While I experimented already without the above indirection, many are setup with CNAME, and I dont have to recongure them for letsscript going forward.

A CNAME is fine.

By the one, one more thing to check might be DNSSEC. Let’s Encrypt does not require DNSSEC at all, but does require that your DNSSEC signatures be valid if DNSSEC is enabled.

Yes this was my case, I did not have any v.server on :80 or :443, but I simply opened them up. So if I can simply run the following, with the above, I can avoid a lot of setups and changes just to try this.

certbot-auto --apache certonly --standalone

correct?

Nope! apache and standalone are both authenticator plugins, but you can only use one or the other. The Apache plugin uses TLS-SNI-01 on port 443 (by reconfiguring an existing Apache server) and the standalone plugin uses either TLS-SNI-01 on port 443 or HTTP-01 on port 80, depending on the value of --preferred-challenges, but assumes that you don't have an existing server running. You have to pick one or the other.

However, the Apache plugin can also be used to install a certificate in Apache after it's obtained, so it is valid to run

cerbot-auto -a standalone -i apache

which means "use standalone to obtain the certificate, and then use apache to install it".

Thank you, very quick reply!!

Well, --standalone ran successfully (I am glad i did not try that first, I leaned a bit more this way :slight_smile: )

Now I like to do a manual install of the cert and key in my apache2.conf. So the only two I need are the privatekey.pem and the fullchanin.pem. Do I simply point to locations at

(for the benefit of other vistors here)
SSLEngine On
SSLCertificateKeyFile /etc/letsencrypt/live/my.domain.com/privkey.pem
SSLCertificateFile /etc/letsencrypt/live/my.domain.com/fullchain.pem

I assume if repeat the --standalone requestt, it will use the same private key?
It it a 2048 bit encryption?

Oh! I see a lot of options in a file left behind in the
/etc/letsencrypt/options-ssl-apache.conf
file! Do I need any of these stuff added to my apache2.conf??

That looks plausible.

Nope, a new one every time! I'm responsible for adding a feature that would let you choose to use the same private key (which is useful for things like HPKP), but I haven't finished that feature yet.

Yes, that's the default. You can change the key size with --rsa-key-size. There are many other things that affect the strength and nature of the encryption between your server and a visitor. (For most users with modern browsers contacting your site, the server public key is not being used directly to protect the session, but is being used to authenticate your server's identity in a separate key exchange protocol using Diffie-Hellman or Elliptic Curve Diffie-Hellman.)

There should already be an Include directive which is including that file from the -le-ssl.conf file.

First, thank you very much for the wonderful support!

I have my website running with SSL for the first time!!! And my Chromium Os (CloudReady version) browser already accepts these certificates!!

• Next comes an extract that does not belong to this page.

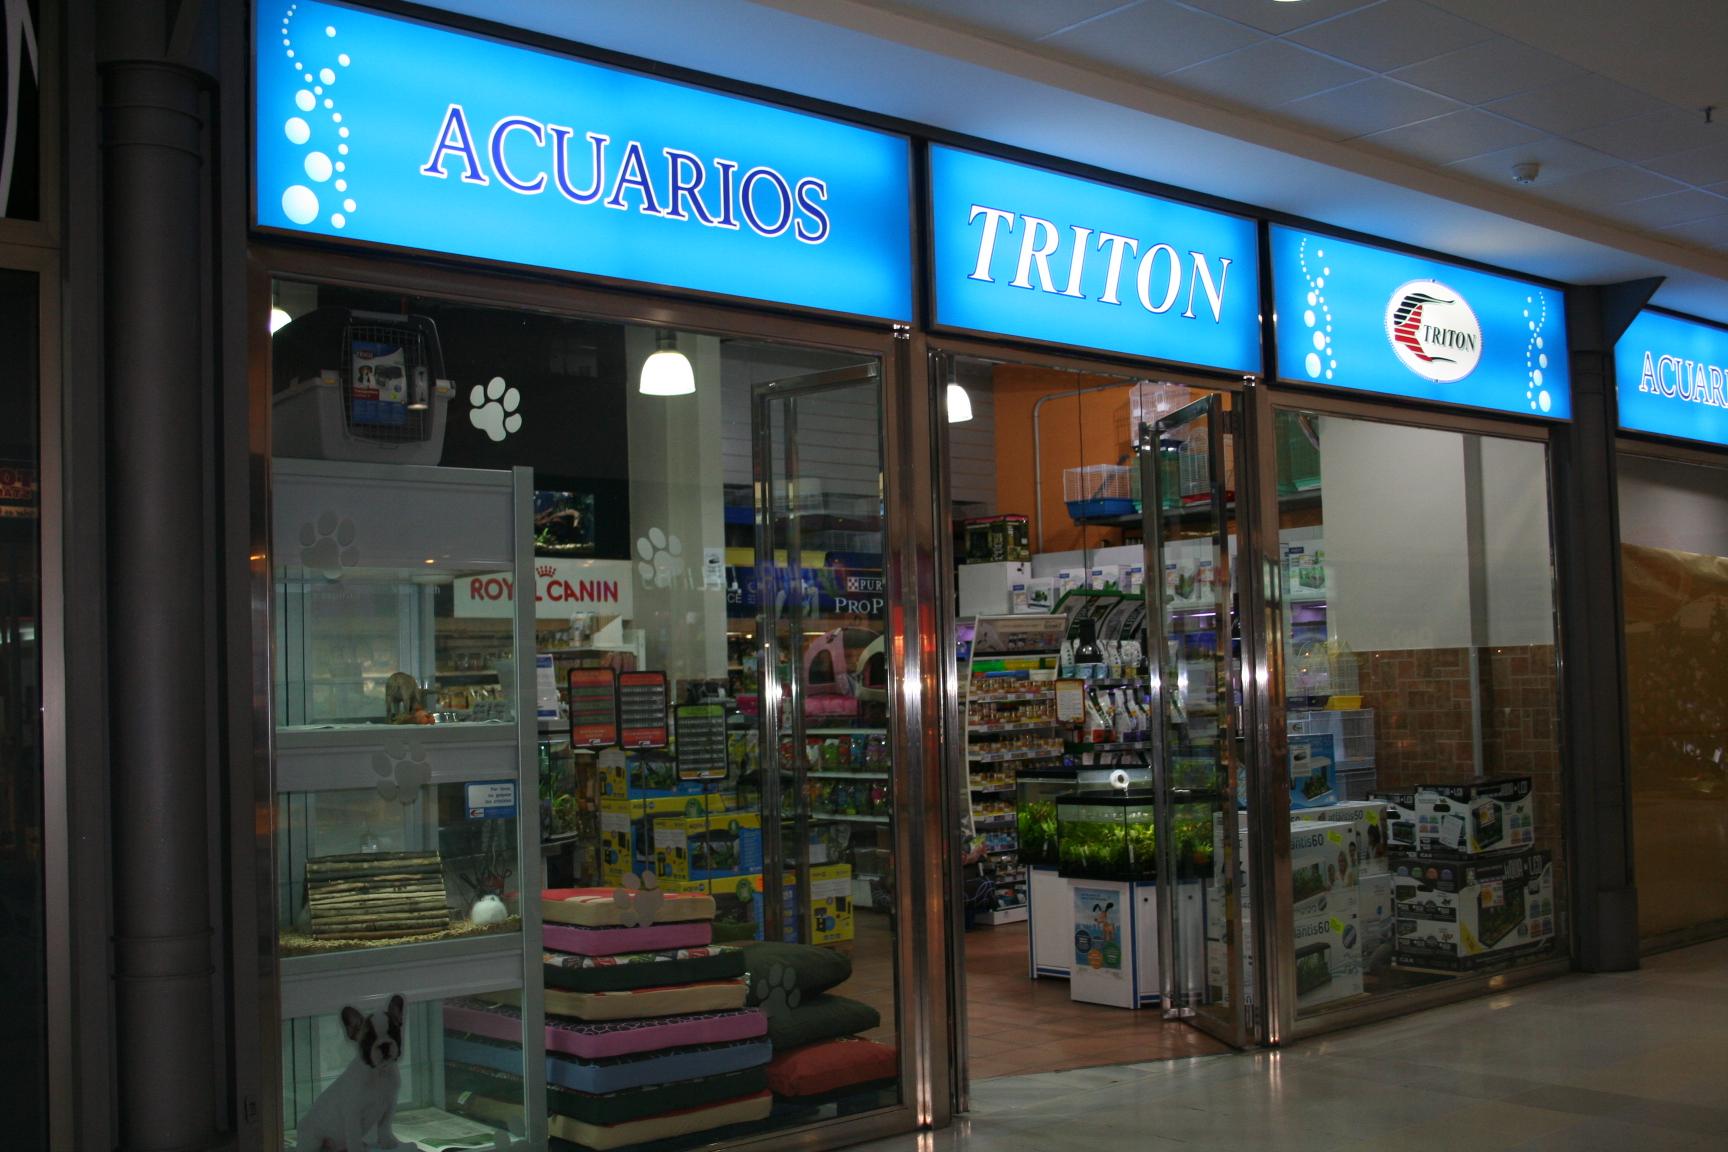 Acuarios Tritón

Hmmm??? I used standalone. So my apache2.conf was not touched, correctly. So how do these get included? I do not see any trace of an -le-ssl.conf file anywhere. I do not see how my current apache2.conf could be using any of that :frowning: Help please!

Check in: /etc/apache2/sites-enabled

Lastly, before I go, if the certbot is under your organizaion control, I suggest / recommend the enhancements I had proposed in my first email.

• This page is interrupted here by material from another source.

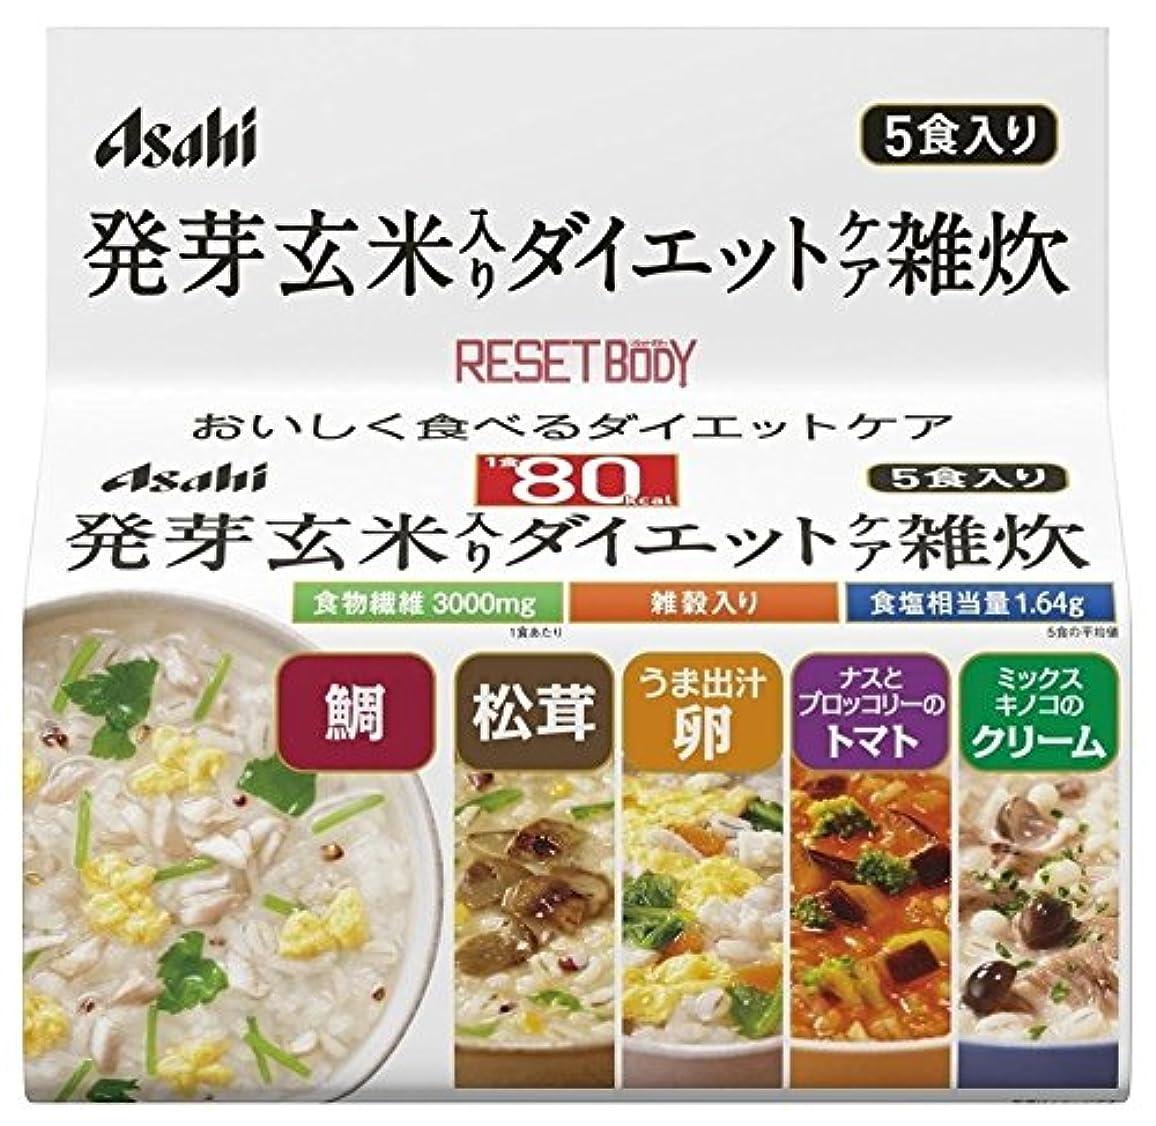 ほとんどない憎しみ男らしいアサヒグループ食品 リセットボディ 発芽玄米入りダイエットケア雑炊 5食

1.When auuto or certonly run, decouple the terms virutal servers from sub-domains in all the msgs. There can be #of SubDomains X #of ports listened to VirtuualServers.

  1. You issue certificates for sub-domains (or soon *.domains). The user already have some ports they listen to (do not assume 80, or 443). So in your certifcattion/verfication process just use tthe ports that are already in the listen directives of apache2.conf.

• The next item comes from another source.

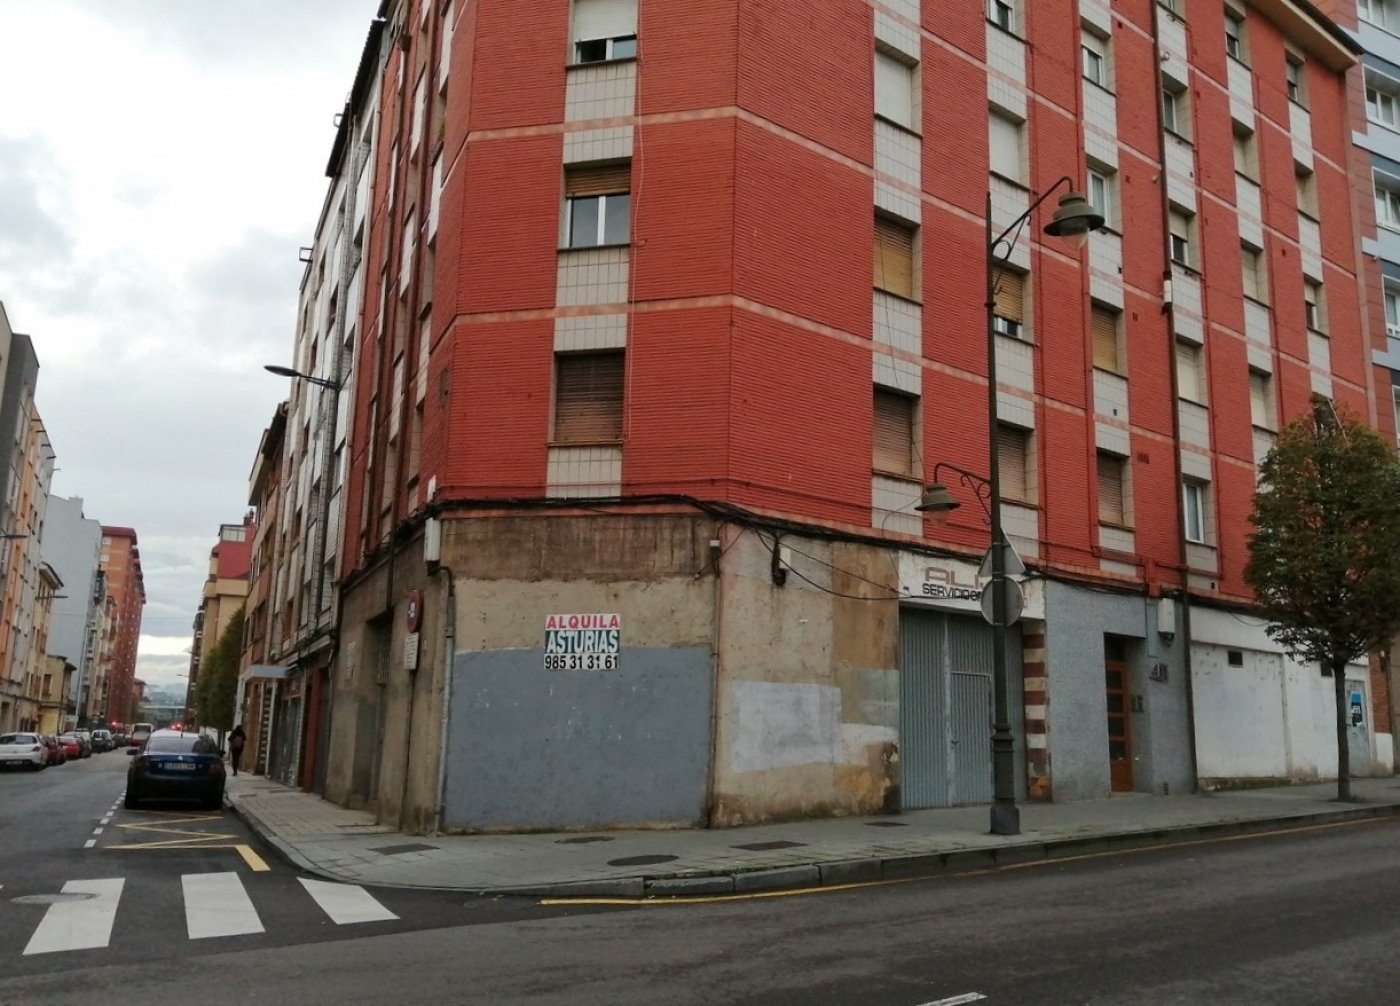 Estupenda esquina en la avenida de galicia - imagenInmueble4

2B. A better algorithm would be:
When you list the subdomains as you currently do, for the user to manually select the desired one, instead list the virtual servers avaialble, INCLUDING THE :port.

So when a user selects my.domain.com:nnnn, you verify using port nnnn, and issue certificate for my.domain.com.

When you implement tthis in your certbot, a lot more clients would run automatically, and a ton of questions to support will go away!!

Thank you again for all your support!